Ron Jaworski and Adam Schefter dissect the Dolphins situation that doesn't have a veteran to step in as coach to help out a quarterback in Ryan Tannehill who has been regressing this season. (1:47)

By the time Washington Nationals manager Matt Williams was dumped after a season of dysfunction, the weeks-long drumbeat of predictions that his exit was going to happen made it seem like old news. The talk was already about who would be the next to go. It didn't take long to find out, with the Miami Dolphins booting head coach Joe Philbin soon after the Williams news broke.

Getting fired is one of the most taken for granted and yet least illuminated occurrences in sports. Nobody seems immune from getting ousted, canned, axed or the more genteel "relieved of their duties." Players get cut constantly. Head coaches and managers get whacked. Team presidents and general managers get replaced. The backstories are often brutal.

The New Jersey Devils enjoyed frequent success under team president Lou Lamoriello even though he made an extraordinary 20 coaching changes in his 28 years. In the NFL, so many firings are condensed into the day after the regular season ends that there's a name for it: Black Monday.

"I hate it," said former Ravens coach Brian Billick, who did an entire podcast on the topic last season with fellow NFL analyst Steve Mariucci. In it, Mariucci related a story about his 1997 job interview with the San Francisco 49ers.

"When I was hired by the 49ers, I asked Carmen Policy, 'George Seifert won two Super Bowls here -- why isn't George Seifert still your head coach?'" Mariucci recalled. "He said, 'You know what? Every coach has a shelf life. And you know what, Steve? You have a shelf life, too. You're not going to be here forever.'"

The moral of the story?

"You're not married, you're dating," said Mariucci, who was fired by the 49ers after six seasons despite a 57-39 record and four trips to the playoffs.

For most of us on the outside, the story usually ends there, when someone is asked to go away.

But for the person getting fired, the aftershocks are often just starting, or restarting for those who'd been through it before. There are lifestyle and emotional upheavals to endure. Some behind-the-scenes events seem gut-wrenching at the time but later transform into funny or cathartic, now-it-can-be-told stories.
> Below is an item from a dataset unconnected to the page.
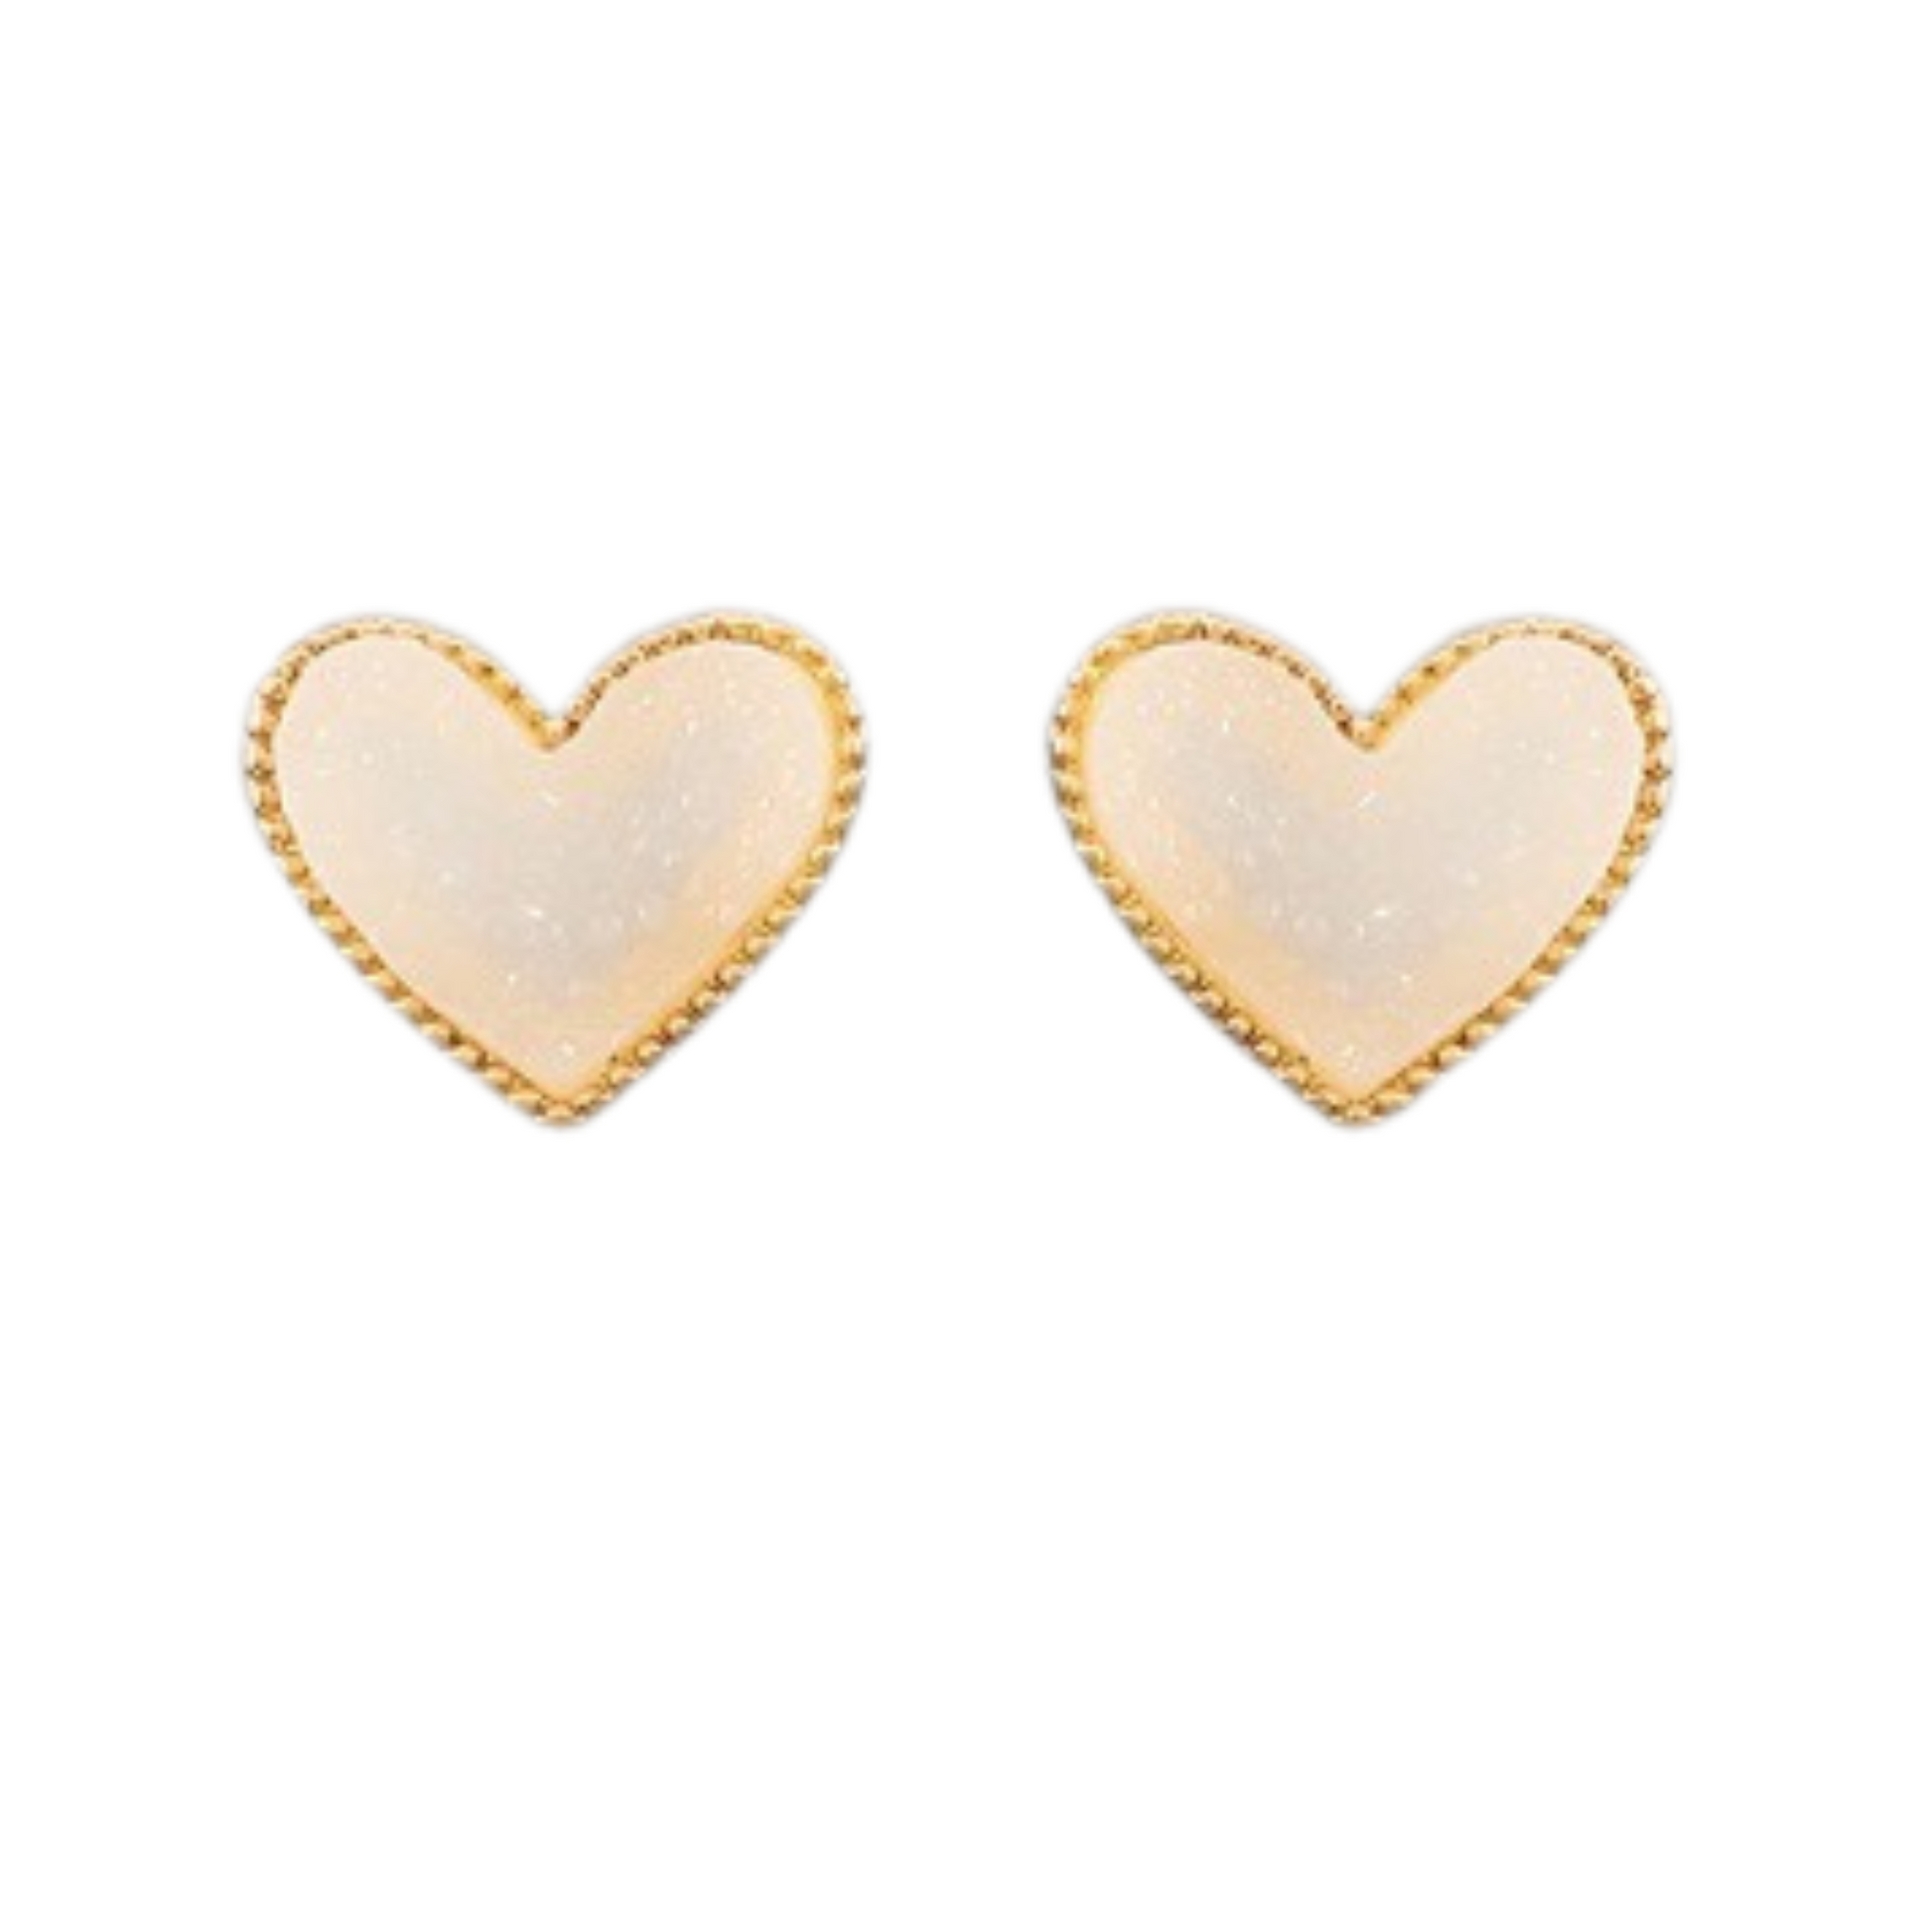 These Druzy Heart Earrings feature a white color and a beautiful heart shape. Made with stud earrings, they add a touch of elegance and charm to any outfit. Made from high quality materials, they are sure to make a statement and elevate your style.

"I knew a coach I called after he'd been fired and he invited me out to his house immediately because he was having a bonfire to burn all of his gear and T-shirts and stuff from that team,'' said Stan Van Gundy, the Detroit Pistons' general manager and coach.

When Van Gundy himself was fired by Wisconsin in 1995 after one season ("I felt like a failure," he admits), he had a garage sale to get rid of his team gear because, "Let's face it, you know you're never going to wear that stuff again. And holy cow, we made a fortune."

"Coaching is the best job in the world, and it can be the worst job in the world," said John Tortorella, who was recently hired to coach Team USA in next year's World Cup of Hockey, his third gig in three years.

Tortorella won a Stanley Cup in 2004 with the Tampa Bay Lightning but knows all too well about the perils of job insecurity, having been fired by the New York Rangers in 2013 and Vancouver Canucks a year later.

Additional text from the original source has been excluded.